3)Place dots along the incoming light rays as they come into the lens and at the point where they cross after they have passed through the lens. Remove the lens and draw in all the rays using the ruler. Measure the distance to the focal point from the center of the lens and record it in the table below.

4)On a second sheet of paper, have another member of your lab group repeat steps (1) through (3) for the double concave lens.

Question 1-2: Does the concave lens cause the light rays to converge or diverge?

Question 1-3: Do the light rays actually pass through the focal point of the concave lens? If not, how did you measure the focal length?

Lens type / Focal length (m)
concave
convex

Activity 1-2: Lensmaker's Equation

Another way to determine the focal length of a lens is through finding the physical radius of curvature and use the Lensmaker’s Equation.

1)Place the convex lens in the middle of a piece of paper and trace one surface on a piece of paper. Draw a tangent line to the curve near the end points of this arch you have just drawn. Now draw two lines normal to those tangentspointing away from the lens, extending them until they cross. This crossing point will give you a good estimate as to the center of curvature of this arch.
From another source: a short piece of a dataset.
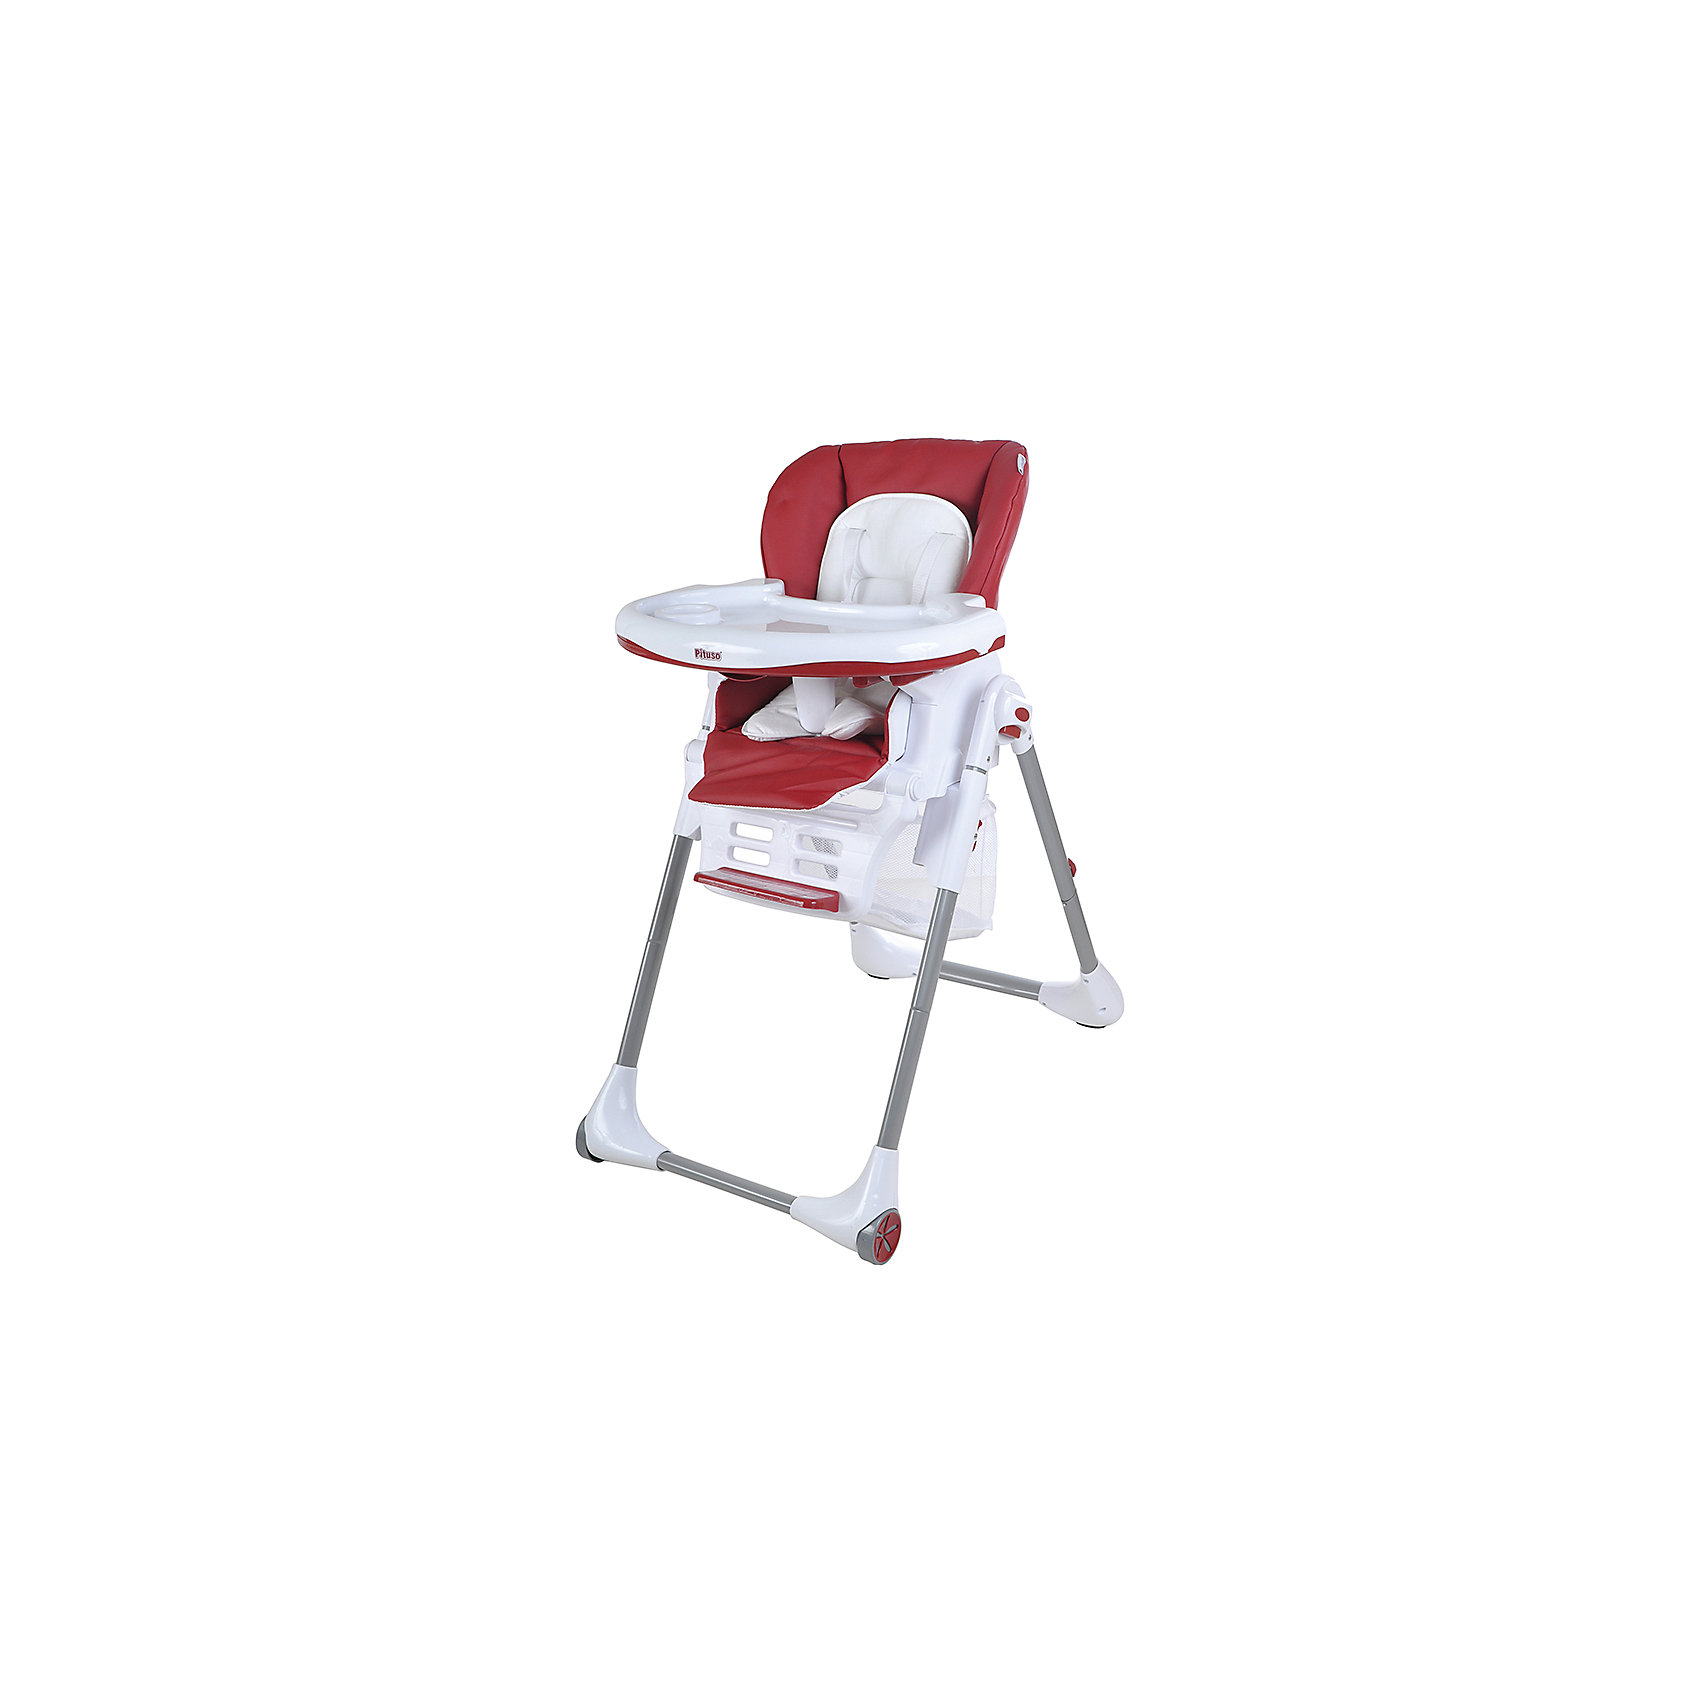 Pituso Стульчик для кормления ELCANTO, Pituso, ECO кожа, бордовый pituso стульчик для кормления bonito дружок попугай pituso белый

2)Check your estimate of the center of curvature by placing the sharp end of a compass on that point and attempting to lightly draw an arch on top of the arch you traced from the lens. If you do not get an exact match, adjust the compass.

3)Read the radius of the lens from the compass.

4)The Lensmaker’s Equation is given as

1/f = (n - 1)(1/R1 - 1/R2)

where n is the index of refraction of the material and R1 and R2 are the

radii of curvature of either side of the lens. In our case, both of these radii are the same. Fill is the value for the radius in the table below and calculate the focal length.

lens type / R / computed f (m)
concave
convex

Question 1-4: How do your values for the predicted focal length calculated in this activity compare with the focal length you found in Activity 1-1?

Activity 1-3: Images formed by a convex lens

1)Mount the optics source box to the bracket on the optical bench with the white square (with the printed circles) toward the far end of the bench. Place the white screen near the far end of the bench. Finally, place the convex lens with the 100 mm focal length between, approximately half way between the screen and the lens.

Prediction: You will soon be sliding the white screen into a position so that the lens forms an image of the light source on it. Will the image be inverted or upright when it is formed?

2)Measure the distance between the light source and the center of the lens and predict the point where the image will be created by this lens using our standard formula

1/f = 1/di + 1/do

Focal Length / Measured d0 / Calculated di / Measured di
100mm
200mm

Table 1-1

3)Slide the white screen along the bench until you see the image of the circles on the square on the light source come sharply into focus. Measure the distance between the lens and the white screen and record it as the “measured di” in the above table

Question 1-5: How does the measured distance image compare to the focal length of the lens? Are they the same? Should they be? Why or why not?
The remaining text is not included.